Les analystes soulignent qu'avant, la BCE listait précisément les actifs qu'elle acceptait en nantissement de ses opérations de liquidité.

Cet assouplissement intervient alors que les acteurs du marché craignent un retour à une situation d'assèchement du crédit, la confiance s'amenuisant dans les banques de la région avec la crise de la dette souveraine.

"Elle essaie vraiment de faciliter l'accès à la liquidité pour les banques", commente Marie Diron, économiste chez Oxford Economics. "Elle essaie d'éviter qu'il y ait des problèmes dans le secteur qui se propageraient ensuite à l'économie."

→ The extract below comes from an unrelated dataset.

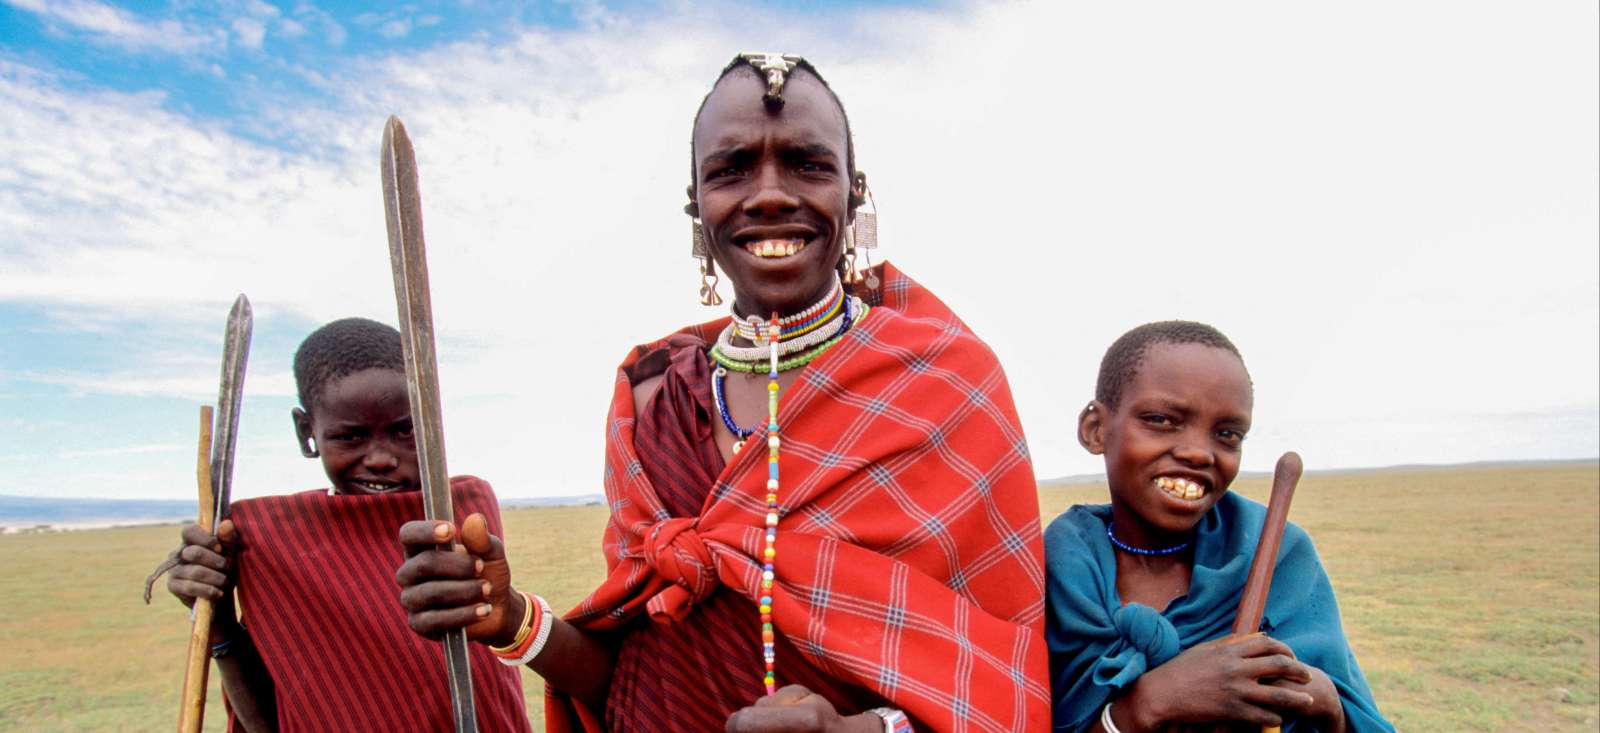 Voyage sur l'eau : Ma petite tribu en pays masai !
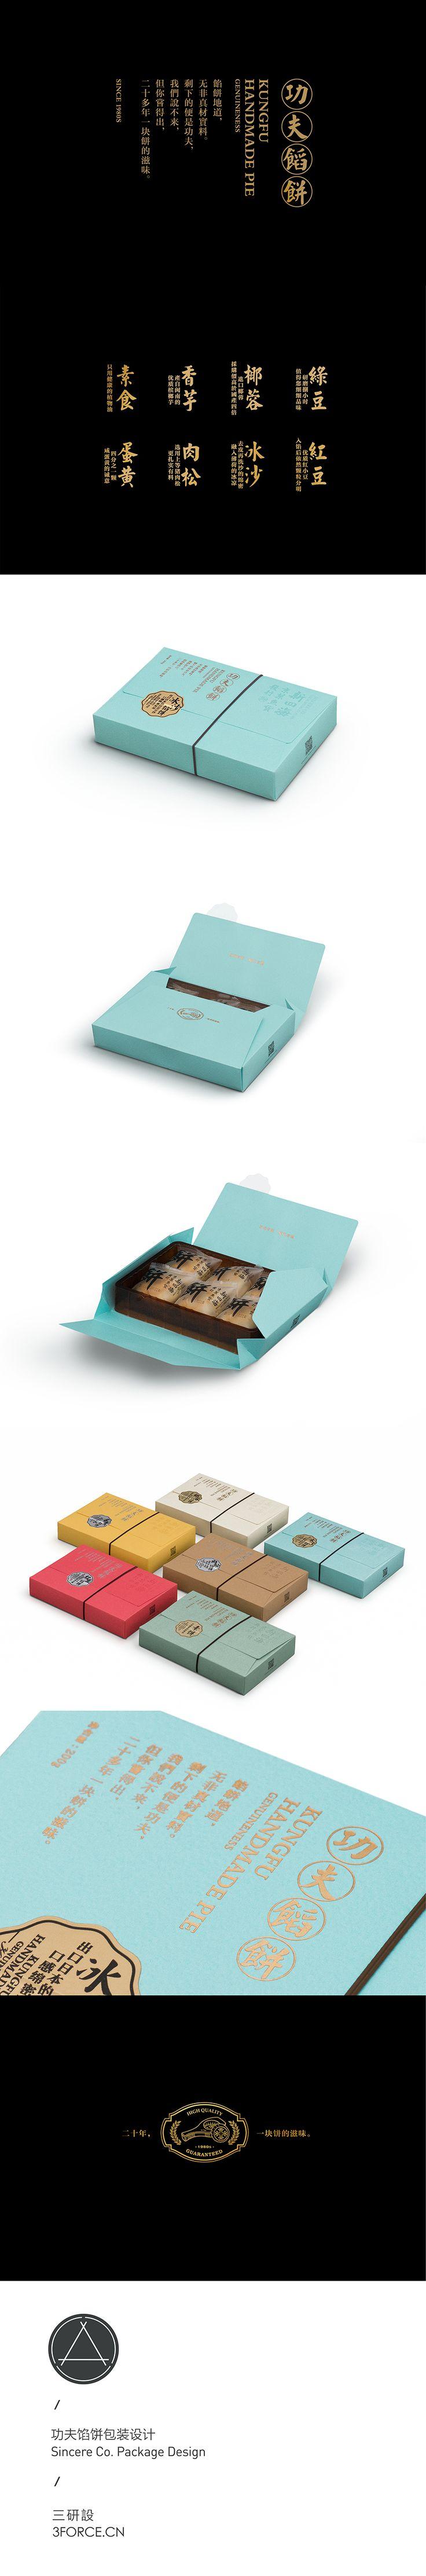 KUNGFU Handmade Pie Packaging Design / 功夫餡餅產 // Inspiration for the EMRLD14 Team // www.emrld14.com

Selon le directeur financier de la Deutsche Bank, les banques ne peuvent plus obtenir de financements à court terme de leurs consoeurs sans présenter de garanties.

"Le marché du financement sans garantie est complètement gelé", a déclaré Stefan Krause.

Parallèlement, la BCE veut limiter l'utilisation des instruments de dette non sécurisés émis par les banques.

"Ce genre d'actifs ne pourra être utilisé en garantie que dans la limite où la valeur qui leur est assignée ne dépasse pas 5% de la valeur totale de la garantie présentée", annonce la BCE. La limite était auparavant fixée à 10%.

Marie Diron relativise cette mesure plus contraignante en soulignant que ce type d'instruments était peu utilisé récemment par les grandes banques.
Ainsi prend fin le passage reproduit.